Lucky me, because I am looking forward to my day and I am holding myself accountable for that. In about 90 minutes, I will FaceTime with two little girls and admire their bright eyes, soft skin, pudgy hands and rosy cheeks. The energy in my world will shift from a gathering gloom to wide-eyed wonder and enthusiasm as we talk about the magic of mixing flour, eggs, sugar into batter, and discuss the art of cookie baking. And we will make a plan to meet at Norquay, the local ski hill, after the brilliant sunshine has taken some of the chill out of the air.

As I measure and pour, I will be thinking about the people in the places where I plan to drop cookies. I will ask the girls about their own ideas, but my list will include a delivery to our local hospital, a friend whose daughter just gave birth to twins and our neighbour whose dog died a few weeks ago. And by writing this publicly, by discussing it with the grandchildren, by making a social commitment, I am adding my personal accountability checkpoints.

I feel especially lucky today, because I know that millions of other people are waking up to emails and newsfeeds and calls to action that are urgent, incendiary and motivated by fear and profound anxiety. These early days of January 2021 have more than one pandemic happening – and the second epidemic is about human nature that thrives on gossip, speculation and dangerous hyberbole, fuelling brains with Piss’n’Vinegar. Pardon the expression.

Not for me.

I fill my morning In-box with gentle inspiration, reflection, contemplation and anticipation for moments of joy – even during these days of chaotic thinking and predictions of dire circumstance spiralling deeper. It’s my personal sanitation and self-help strategy.

Gratitude, in case you didn’t know it, requires discipline, intention and mental stamina. By making a deliberate effort to concentrate and really make room for good stuff, I am choosing to align with life’s sweetness, optimism and positive possibilities. It’s a choice that improves my individual sense of well-being and that has ripple effects.

Strengthening my gratitude and kindness muscles means that I wake up eager to read and listen for and think about love, goodness and the amazing gifts that Mother Nature delivers. I can personally validate, with complete conviction that the science is right – when you feel grateful, you do not feel envious and resentful.

It’s the Maya Angelou quote: “Hope and fear cannot occupy the same space at the same time. Invite one to stay.

By taking personal accountability for my mindset, I plan for a day that includes interaction with loved ones, doing some writing and paying attention to my kindness, cookies, and gratitude skills. As the saying goes, practice makes perfect and the more I look, the more reasons I find for hope over despair.
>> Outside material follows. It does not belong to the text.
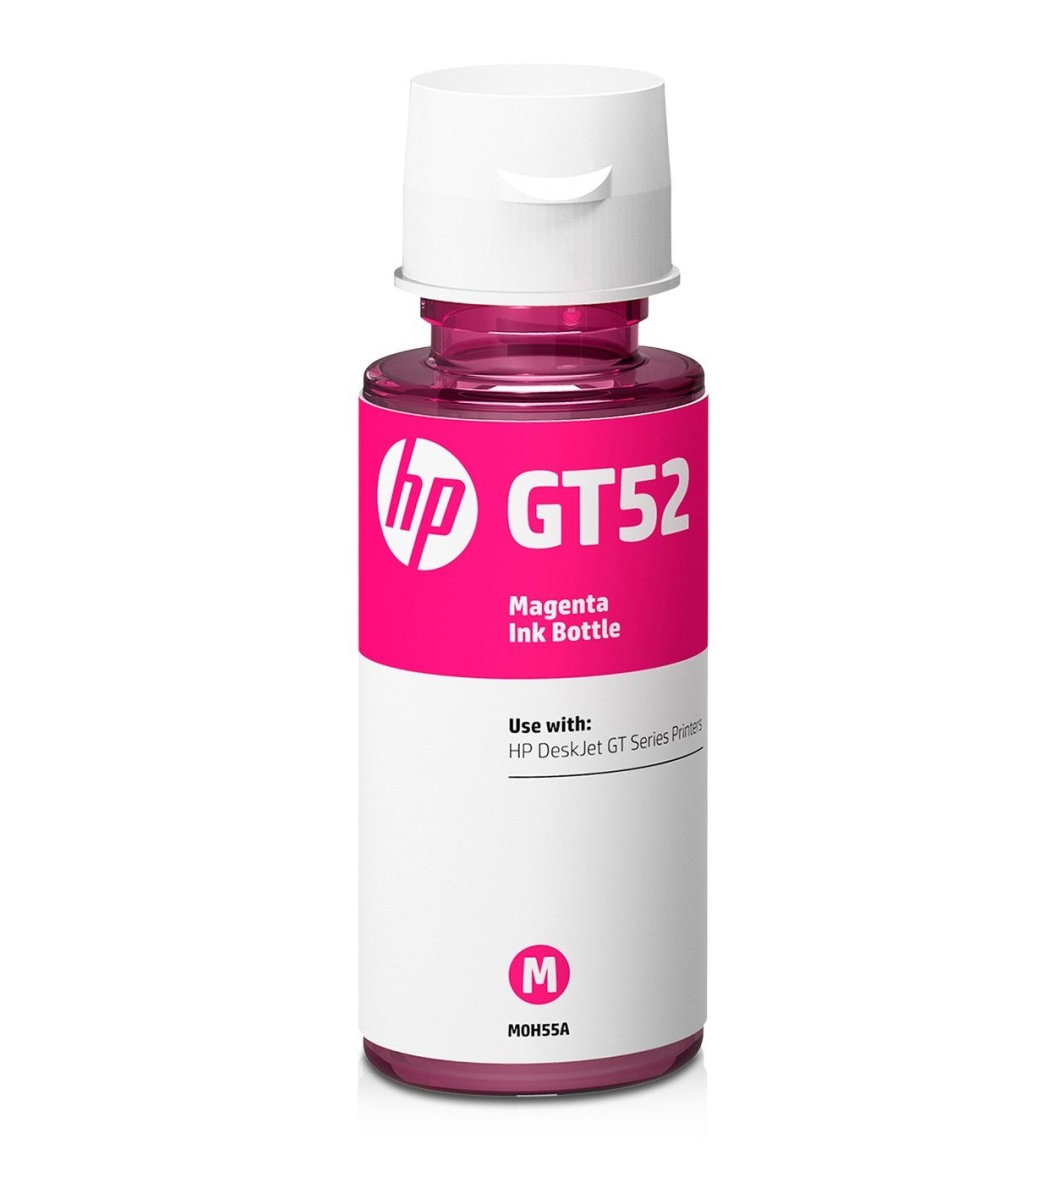 Fľaša atramentu HP GT52 - purpurová (M0H55AE)

By choosing to bake cookies and make a list of who might need some cheering up, and then planning to get out into the brilliant snowshine, my troubles and worries are filed in a box delegated to the back of my mind, marked ‘Later’.

By giving the first hours of my day to Gratitude, Kindness, Sweetness and Reasons to be Optimistic, I am setting myself up for a better day.

And here it is again. Hope, showing up in a line of a poem, reminding me of those tiny bundles of feathers, shivering in the cold, waiting to join the dawn chorus, once the sunshine appears.

“Hope is the thing with feathers that perches in the soul – and sings the tunes without the words – and never stops at all.” Emily Dickinson

Hope rising in the dark. Lucky me. How do you choose your morning news feed?